The cheeky charm of the title, “MILF”, gives a clue to the audaciousness of its creator, Paloma Faith, a 42-year-old London-born singing sensation now turned rebellious author. The title’s whimsy echoes the journey of the author herself from Hackney origins to becoming a memorable voice in the literary circuit.
If you’re wondering about the acronym MILF, it might be time to consult Google for some understanding. The acronym stands for Motherhood Identity Love F*ckery, perfectly encapsulating the heart of this book. A bold assembly of genres, this book strides through personal memoir, celebrity confession, parental guidance, relationship advice, self-help wisdom, comedy, tragedy, and a touch of feminist commentary. Facing motherhood 25 years ago, this is a book I wish had existed in my arsenal, to guide me and alleviate the self-doubt and confusion I faced.
The ironic twist is that Faith, like many new mothers, didn’t perceive herself as a MILF during the initial years of motherhood. Her tales, delivered in raw detail tinged with brutal honesty, reveal the less glamorous aspects of motherhood she had to navigate; conception, pregnancy, childbirth and postpartum. This candid narrative is based on the experiences of her own motherhood journey with her two daughters, the belles of the book.
The book also details the trials and tribulations including rounds of IVF, miscarriages, postponed dreams of “natural” birth, emergency C-sections, occurrences of postnatal psychosis and depression, endless infections requiring antibiotics, breastfeeding struggles, cystitis, thrush, mastitis, and even painful piles that necessitated surgery a year later. Adding to this, she had sexual difficulties long after giving birth, and grappled with raising “poor sleeper” babies.
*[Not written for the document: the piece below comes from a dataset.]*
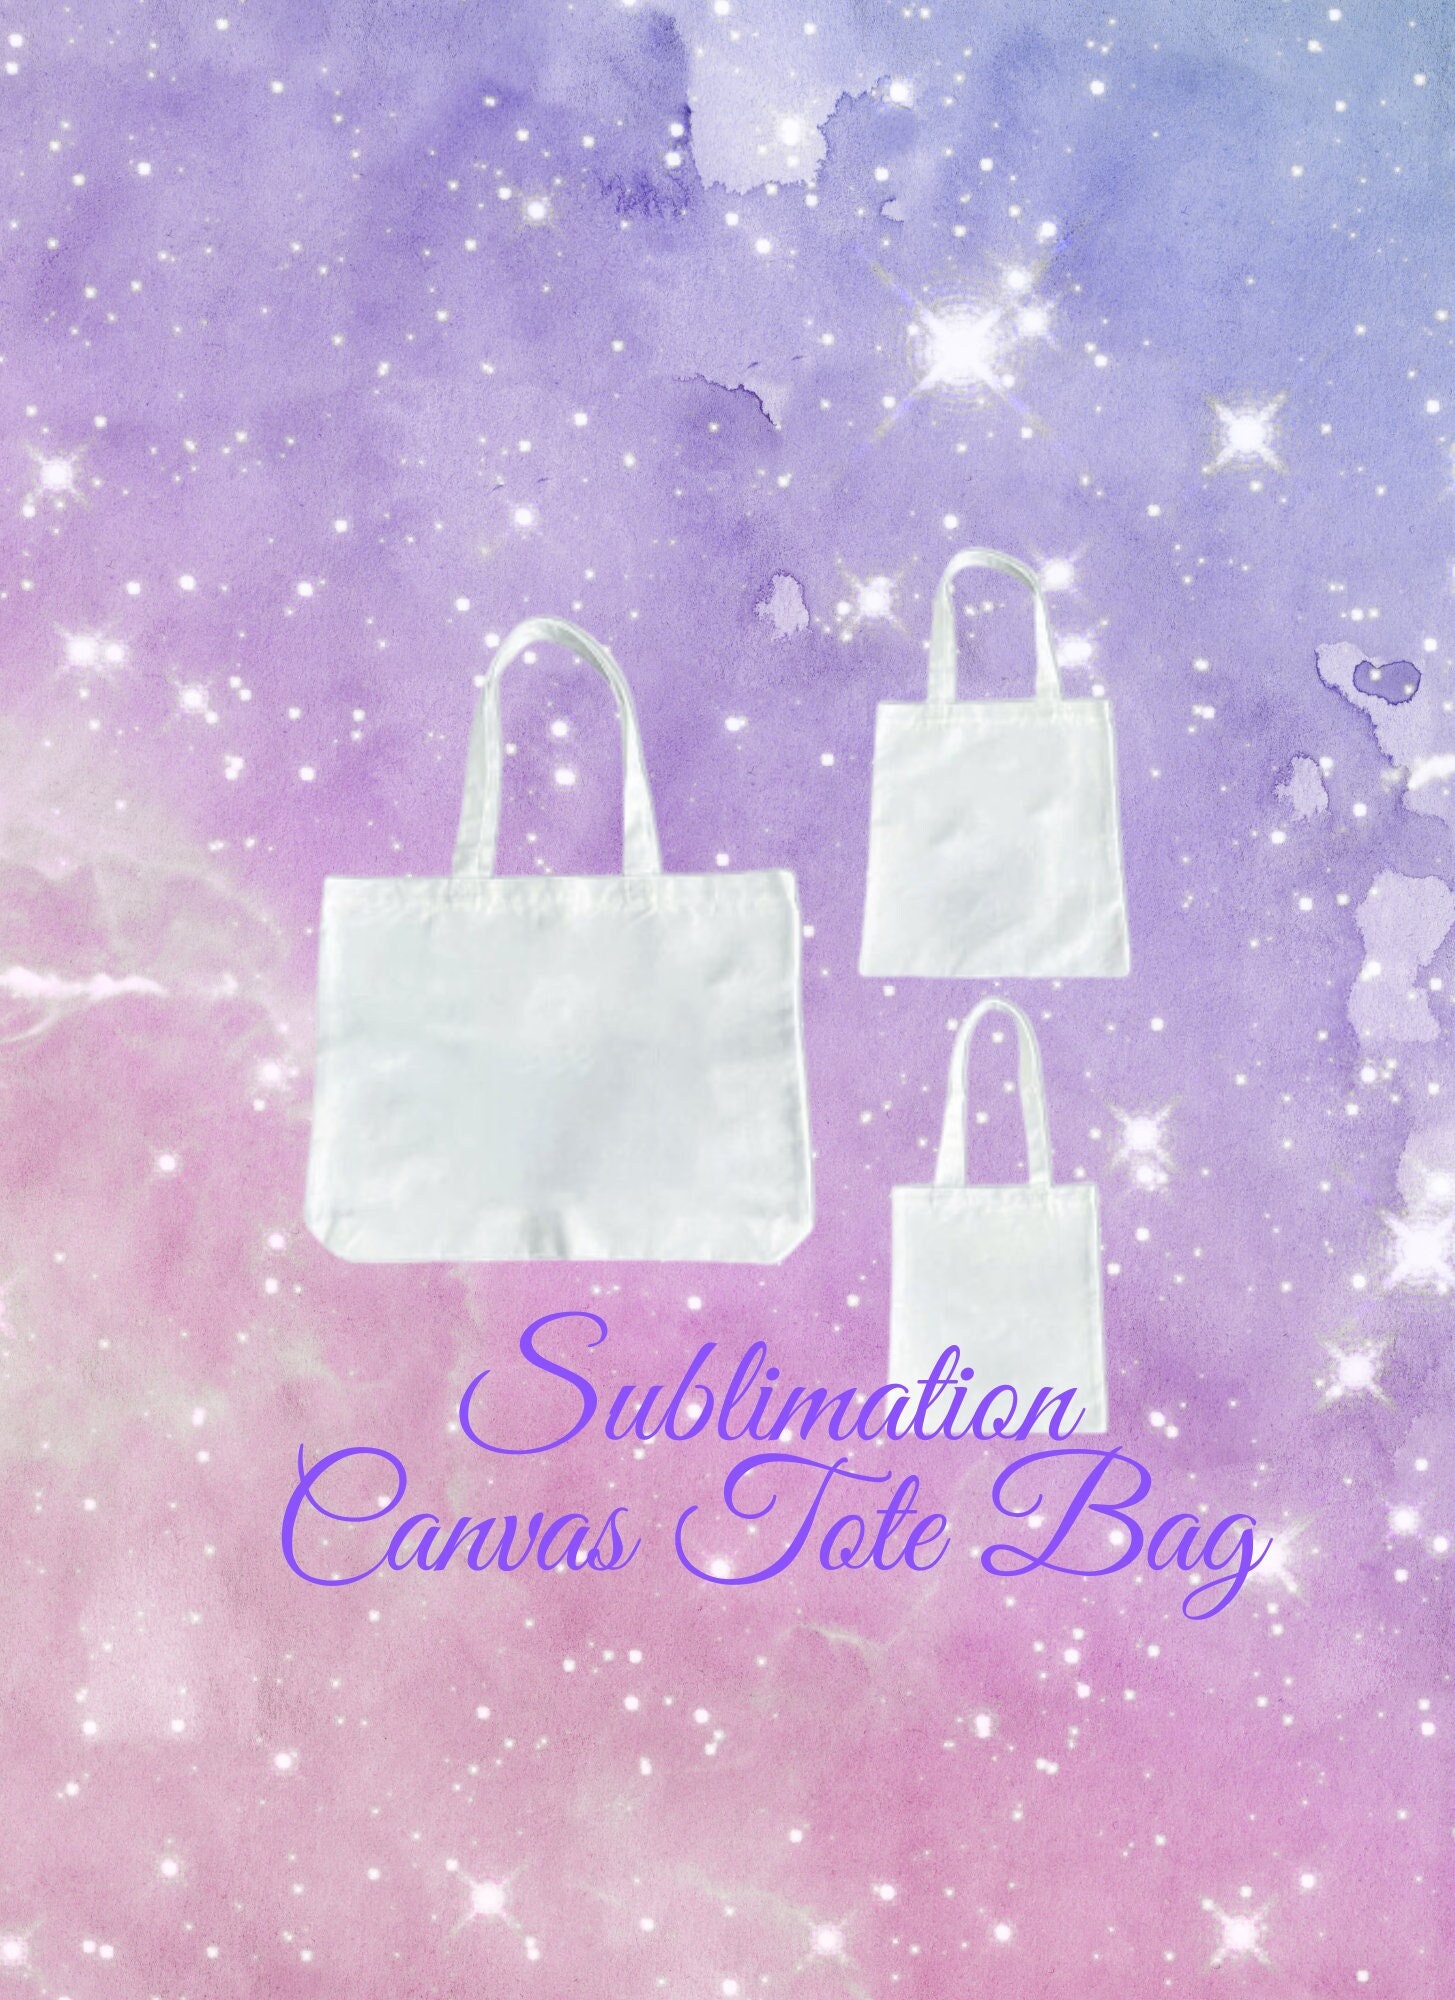 Blank everyday cotton tote bags
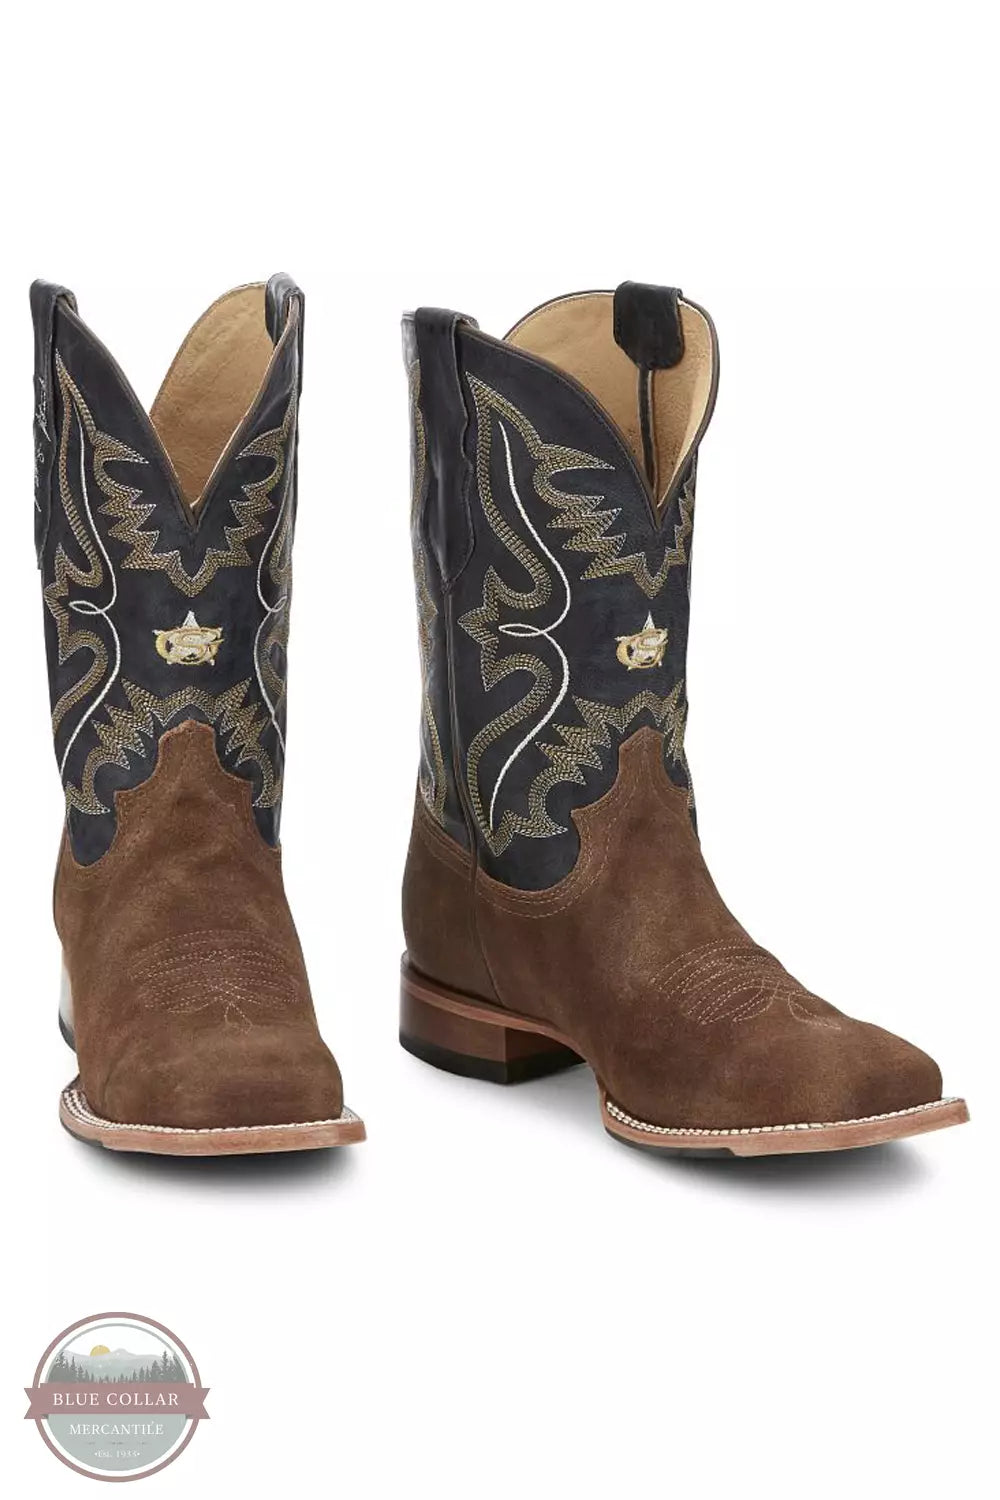 Justin GR8015 Dillon Western Boot Profile View

These experiences not only marked the end of her decade-long romantic relationship and sex life but also shattered her prior identity. The changes threw her into a new world, dominated by concerns about being a “good enough mother”, despite the unyielding, indomitable love and anxiety for her children. Her honest delineation of these experiences conveys a sense of confusion and relief once the initial turbulence of bonding with her children had sailed.
After reflecting on Faith’s journey detailed in her book, ‘MILF’, I’ve switched from recommending it as a pre-birth read to suggesting it as a thoughtful post-delivery gift. The book, unabashedly honest and breaking societal norms, offers a mixture of amusement, warm heartedness, and sharp critique on the current feminist status in our region.
The self-assured and autonomous Faith offers a new perspective on motherhood, and how patriarchal society continues to manipulate women into equating equality with inferiority. However, I was puzzled by instances, particularly in the book’s first half, where Faith appears to accuse feminism for the imbalance on domestic labor. Women being overstretched by trying to earn a living whilst managing most of the mundane tasks of parenting. She also tackles the unseen, mind-numbingly monotonous, and stressful perpetual responsibilities related to child maturation, which according to her, are seldom acknowledged by most fathers unless they are significant contributors to childcare.
Initially, I was taken aback by Faith’s seeming inclination to attribute the disbalance in co-parenting duties to feminism rather than to the prevalent patriarchal paradigm; until I comprehended that it was a matter of expression rather than an actual accusation. Further reading confirmed that Faith was actually stressing the need for continuous progress in feminism. Despite this minor query, her bold proclamation of being a feminist was quite commendable.
My only other critique of this book, which is a liberating, entertaining and thought-inspiring read, is that only towards the end of her book did she reveal that Layman Lahcine, Faith’s ex-partner and the father of their children, spends two nights every week with their children.
In the book titled “MILF”, mothers and all women who provide care and nurture are given the much-needed assurance that it’s completely fine to prioritise their own needs. The book also offers indispensable insights for men who wish to safeguard their romantic partnerships. The intriguing subject of women and their experiences with ageing is thoroughly explored. The chapter provocatively titled “Are Men Redundant?” brings up a topic frequently queried by straight women: Could a life of singlehood be more satisfying than long-standing relationships?
Opting to wrap up “MILF” with a personal revelation, Faith suggests that following several consecutive monogamous relationships and a challenging initiation into motherhood, it might be the right moment for her to decide to stay single and embrace a fresh identity and fall in love with her transformed self.